В определенном смысле книга «Делавер» представляется – схожим с рентгеновским – снимком скрытого мира, точнее вереницей снимков, заведомо засвеченных (ибо субъективных) и посему искаженных. Однако все непривычное, слегка надломленное или словно частично вывернутое, проглядывающее изнанкой, намеренно неровным «двойным джинсовым» швом и неподрубленным краем, «работает» на нелинеарное восприятие этой относительно линеарной (ведущей от конца к началу и далее по кругу) книги. Осознанные сбои, то есть то, что неискушенный может по наивности принять за огрехи, являются достоинствами этой книги. Даже физическое воплощение «Делавера» (сторона, на которую рецензент обычно редко обращает внимание), непритязательная полиграфия издания (неудобочитаемый шрифт, мелкий формат, будто предназначенный не для книжной полки и не для изящной «карманной» серии), то есть на первый взгляд явный издательский минус – оборачивается плюсом, ибо принуждает собраться: поднести книгу ближе к глазам и держать обеими руками, чтобы не закрывалась… И вовсе не удивительно, что физическое усилие здесь совпадает с духовным. «Делавер» Машинской означен поступательным аллюром памяти – назад, и в этом движении угадывается не только увиденное и подхваченное по ходу, но и сам идущий (плывущий, снящий), вернее, его дыхание, зачастую сбивчивое и порывистое, но не дерганое, не строптивое; это напряженное дыхание – сдержанного порядка.

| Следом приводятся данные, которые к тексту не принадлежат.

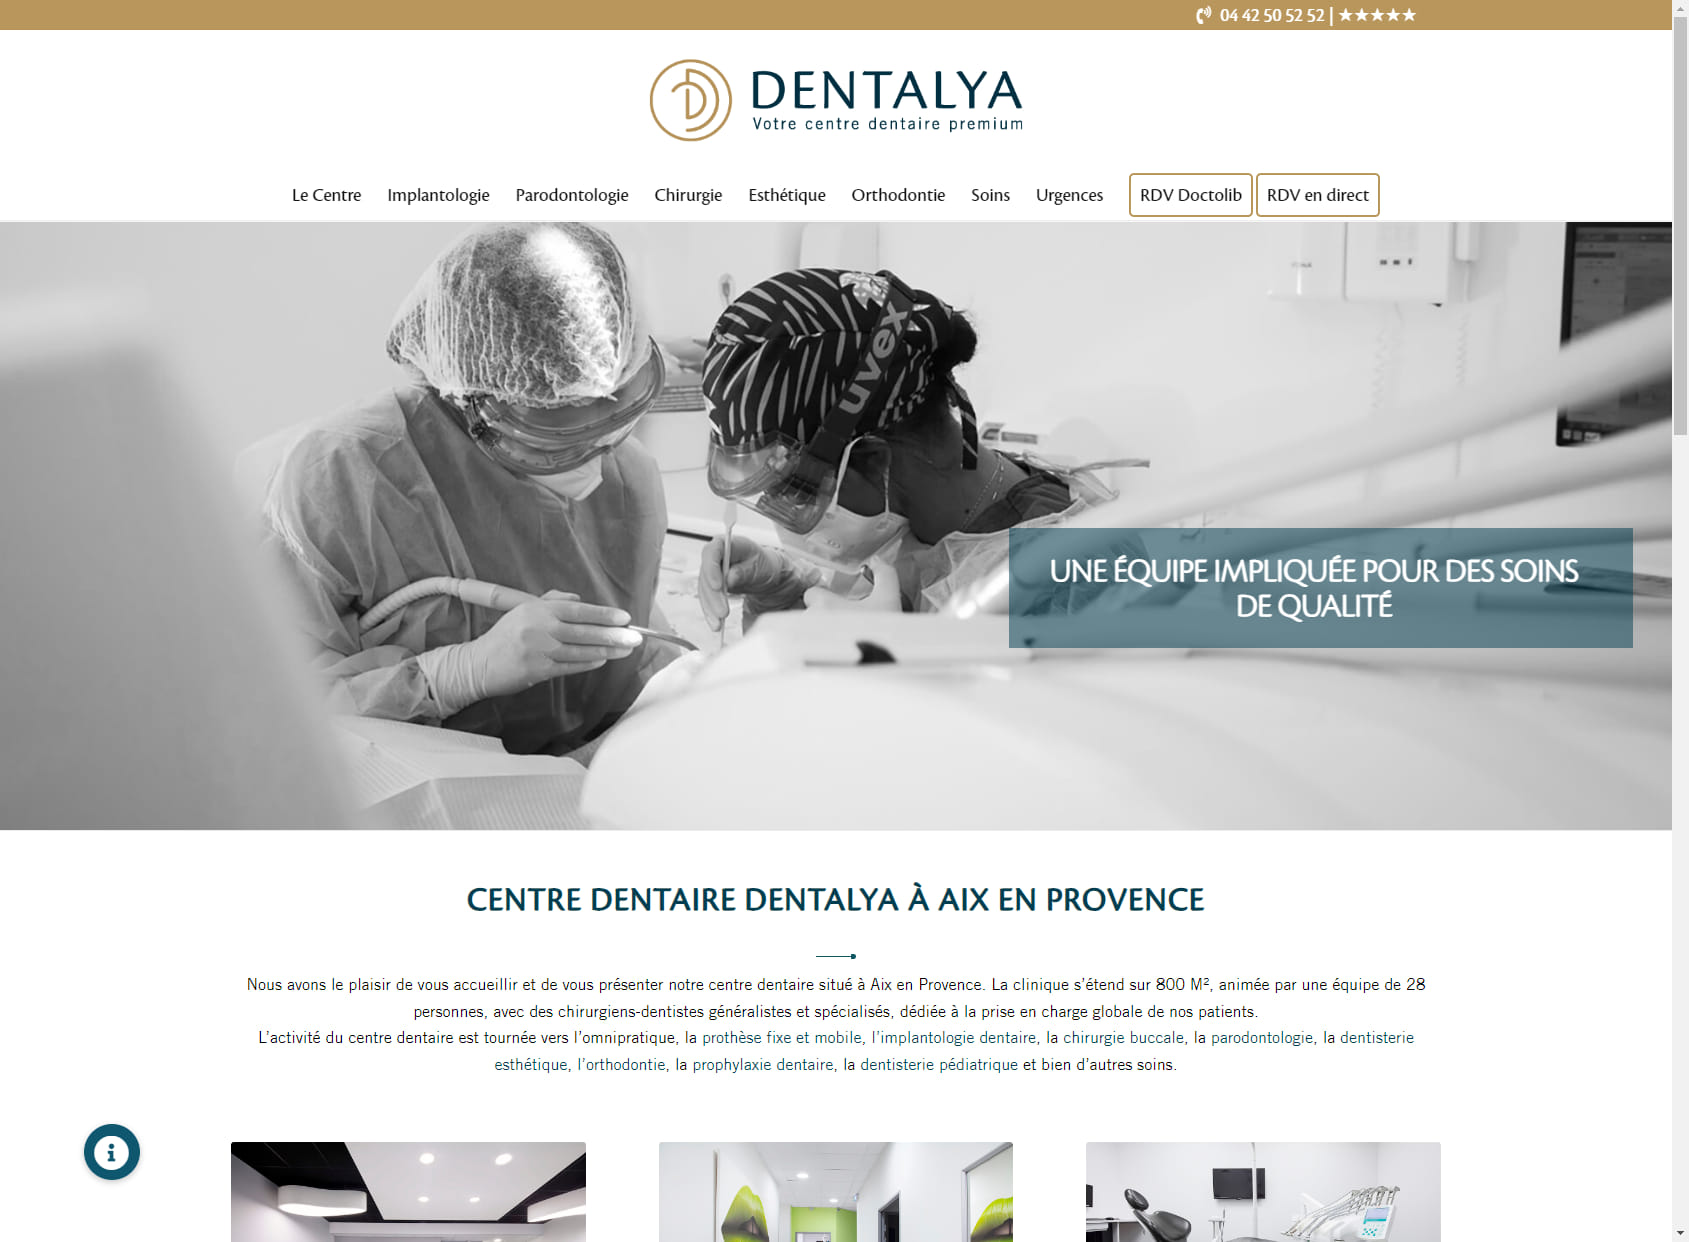 DENTALYA Dental Center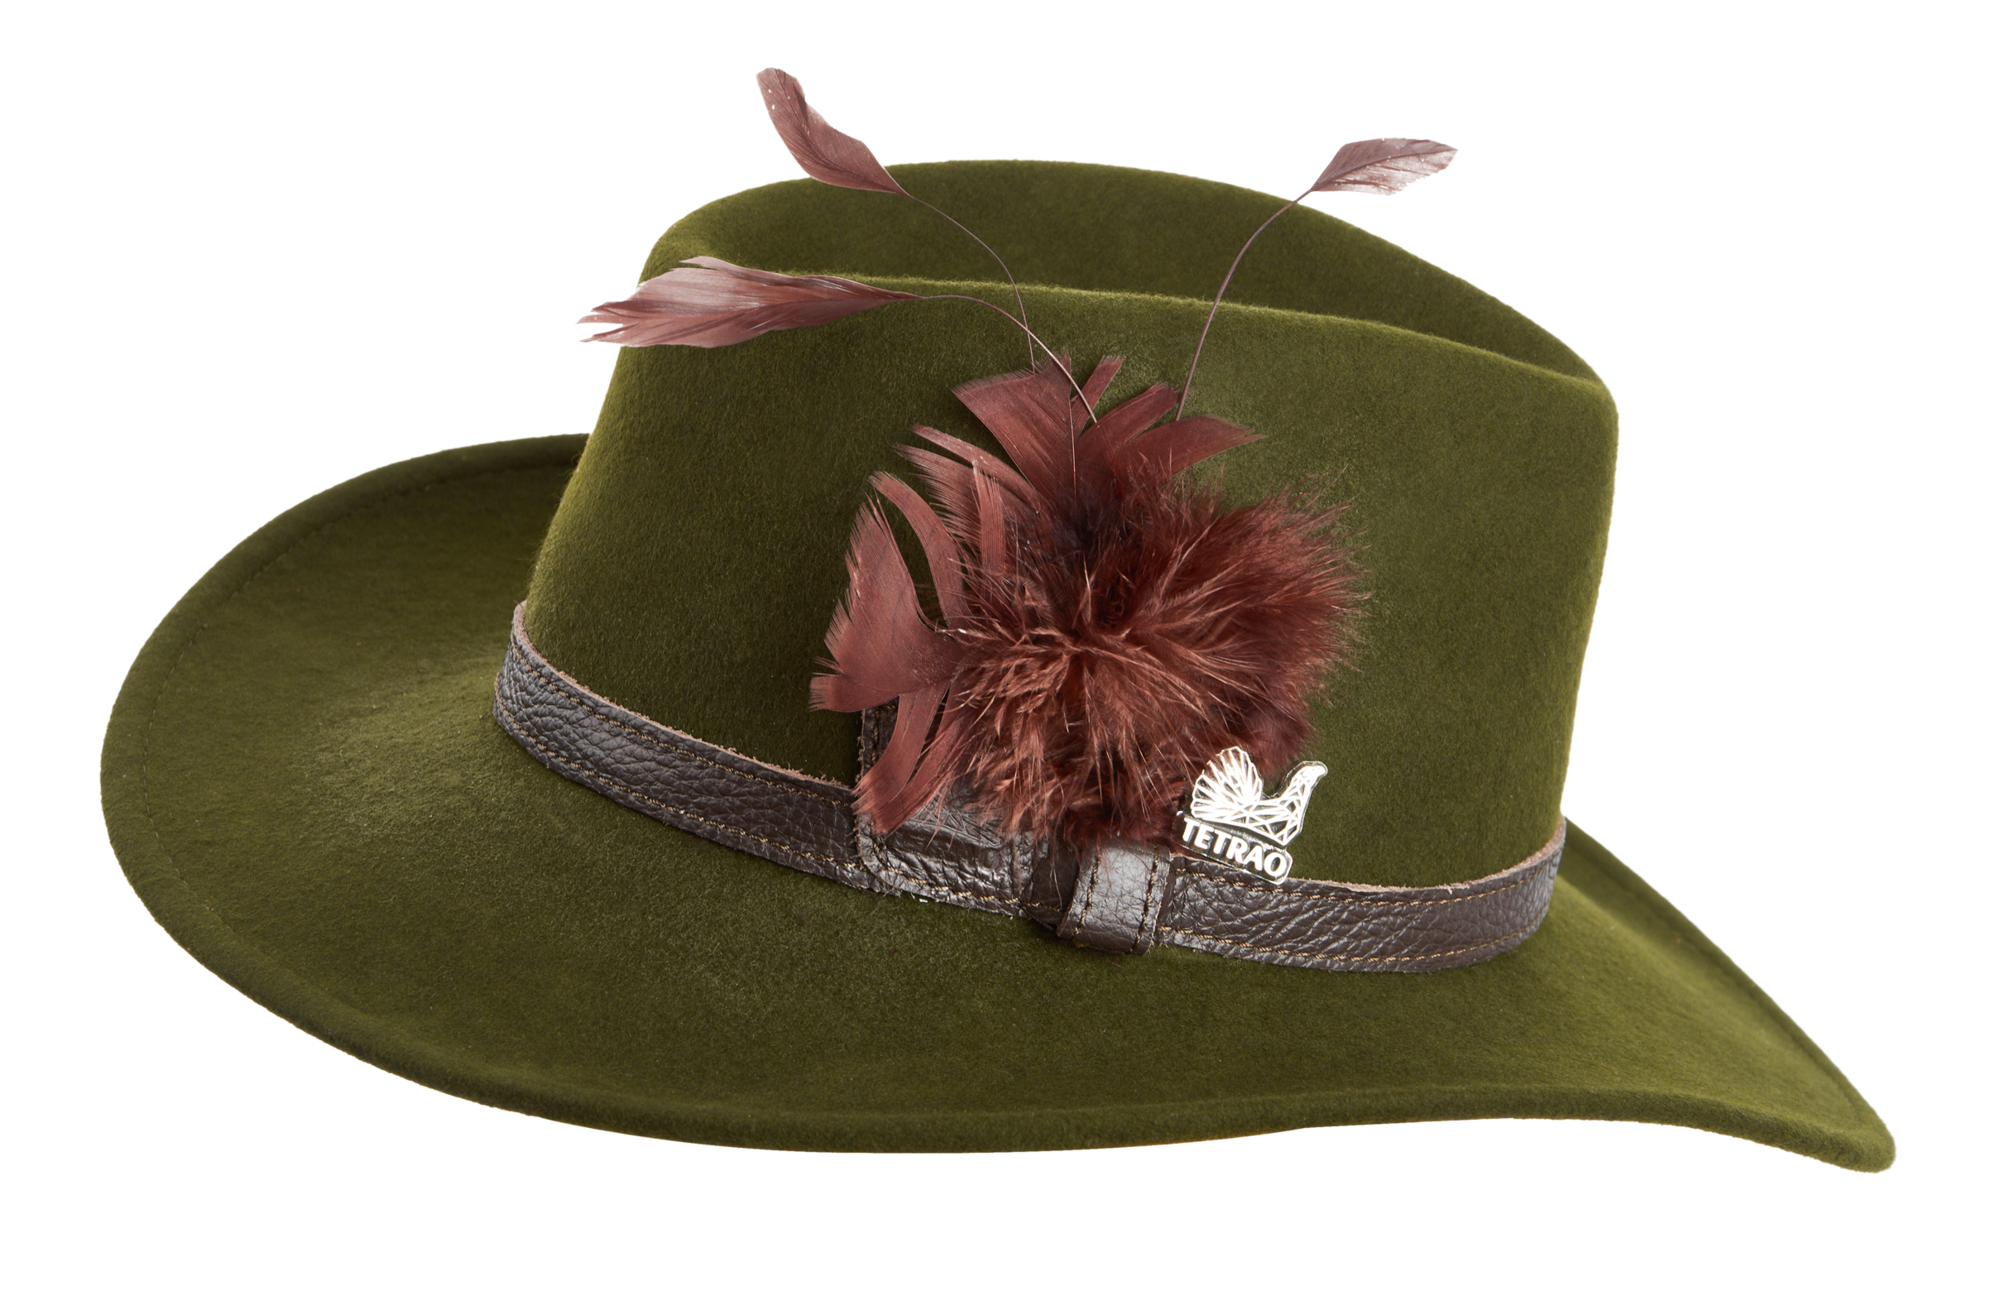 Dámsky poľovnícky klobúk TETRAO - s hnedým remienkom zelený 58

В то же время очевидно, с каким трудом и каким усилием дается внешнее усмирение:
Искать:
вот-вот найти
за этим вот углом
за этой стройкой
двором
площадкой
за бессмертной тенью
ларька
оседлой стайкой
голубиной
Следуя за идущим и повинуясь его голосу, мы отмечаем меты самобытного стиля Машинской, ее излюбленные цепочки отзвучий и отражений, каждый раз оказываясь в зеркальном коридоре внутренних рифм и двоящихся образов (вот она, «порука стекла круговая»); мы ощущаем внутреннюю связь пешего «рассказчика» с каждым встречным и невстречным, со всем построенным въяве и достроенном в мысли. В целом, поэтический жест Машинской – округляющий, захватывающий и притягивающий. Такими всеохватными -о-/-а-, словно колечками петель и широких стежков, «сшито» стихотворение «Полоса отчуждения на закате»; вот фрагмент из него:
От облака до дна
вся, как одна видна,
оврагу жизнь дана –
от камушка на дне до родинки над бровью,
от камня к бабушки недавнему надгробью
до вдовьего плато,
где твое золото
без края разлито.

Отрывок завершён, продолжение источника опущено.